07Frequently asked questions
What is The High Priestess?
The High Priestess is the most misunderstood card in the Major Arcana — not because she is obscure, but because she has been flattened into a vague symbol of 'intuition' or 'feminine mystery.' In truth, she represents the rigorous discipline of knowing what cannot be spoken, the architecture of silence, and the cost…
What does the The High Priestess card mean upright?
When The High Priestess appears upright, she is not offering answers. She is offering the question itself — and the patience to sit with it.
What does the The High Priestess card mean reversed?

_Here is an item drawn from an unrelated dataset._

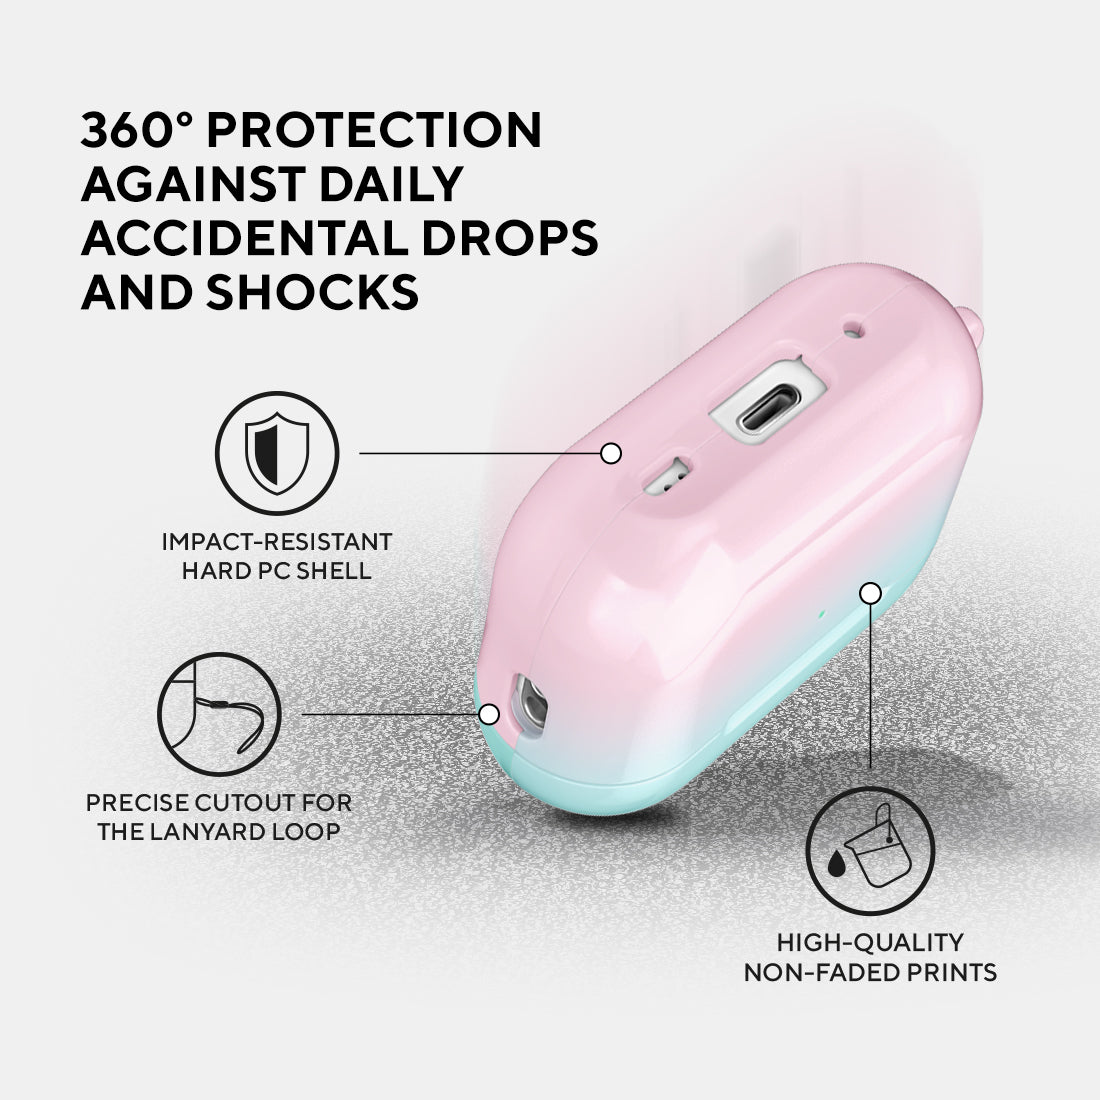 藍粉紅粉彩 | 客製化 AirPods Pro 2 耳機保護套
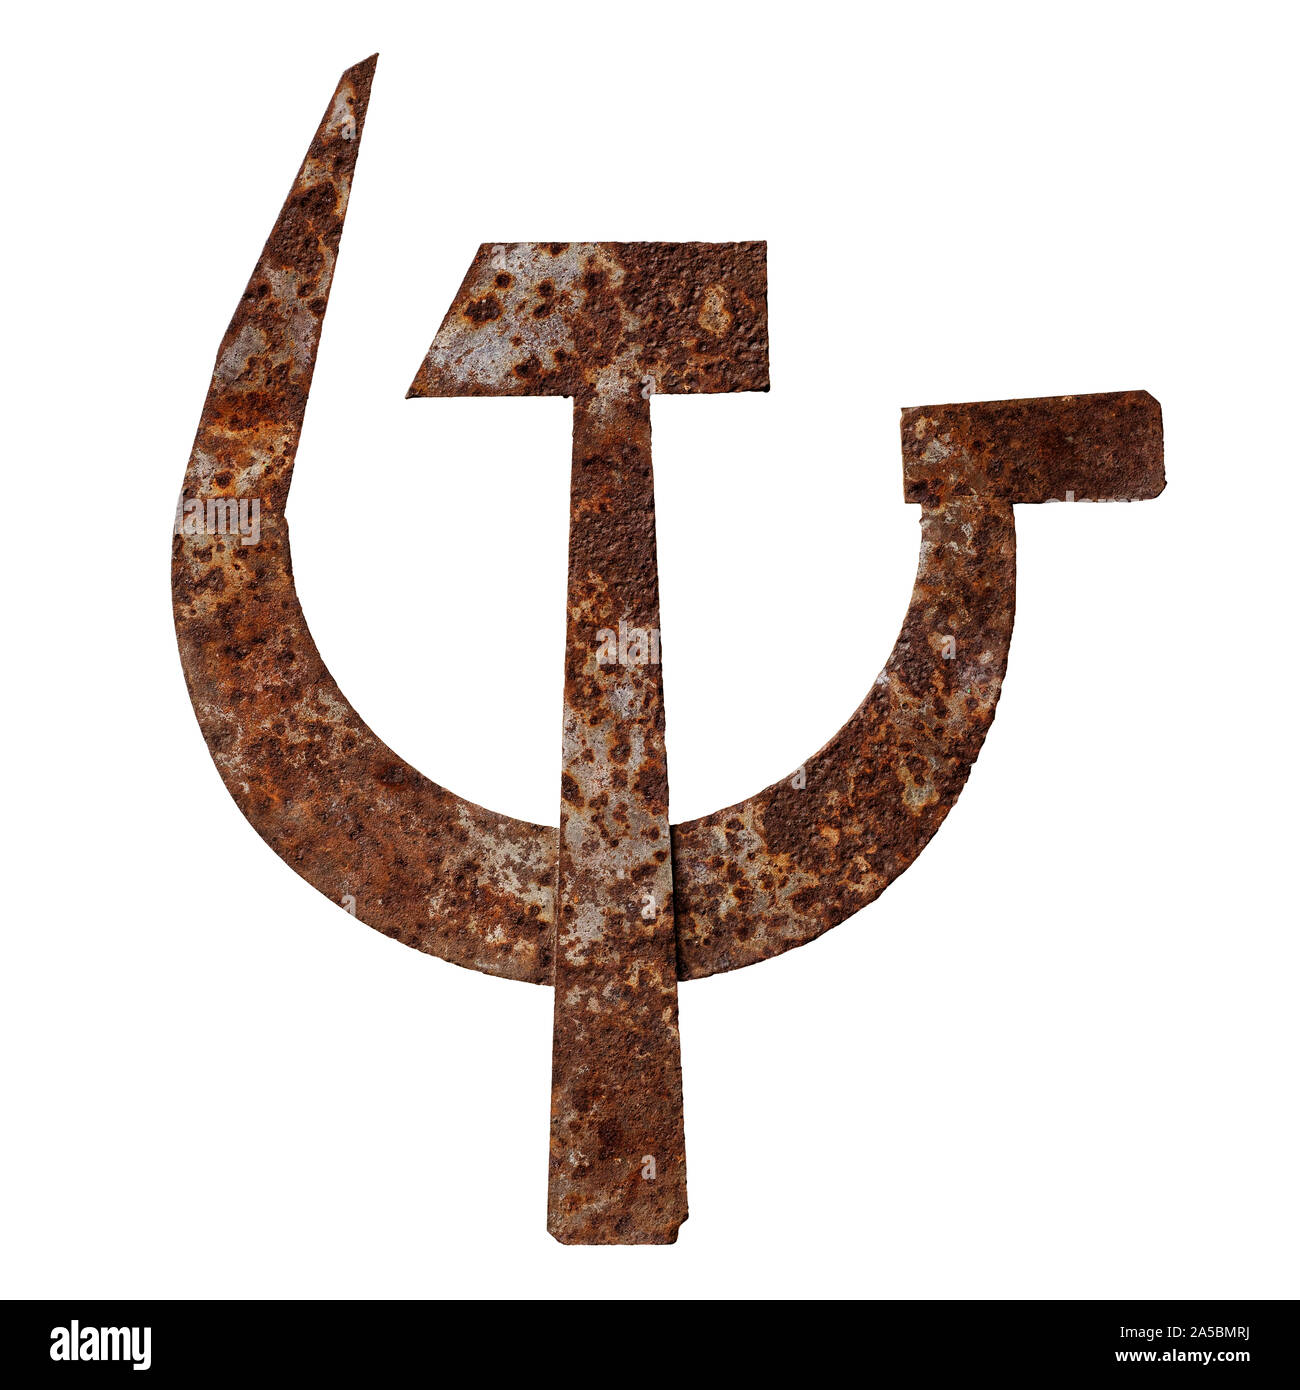 Objets isolés : traversé metal marteau et faucille, old rusty symbole de communisme, sur fond blanc Banque D'Images

The reversed High Priestess is not the opposite of intuition — it is intuition corrupted. When this card appears inverted, the veil has been torn, but not in a way that brings clarity.
What element is The High Priestess associated with?
The High Priestess is associated with the Water element.
Which planet rules The High Priestess?
The High Priestess is ruled by Moon.
Is The High Priestess a Major or Minor Arcana card?
The High Priestess belongs to the Major Arcana.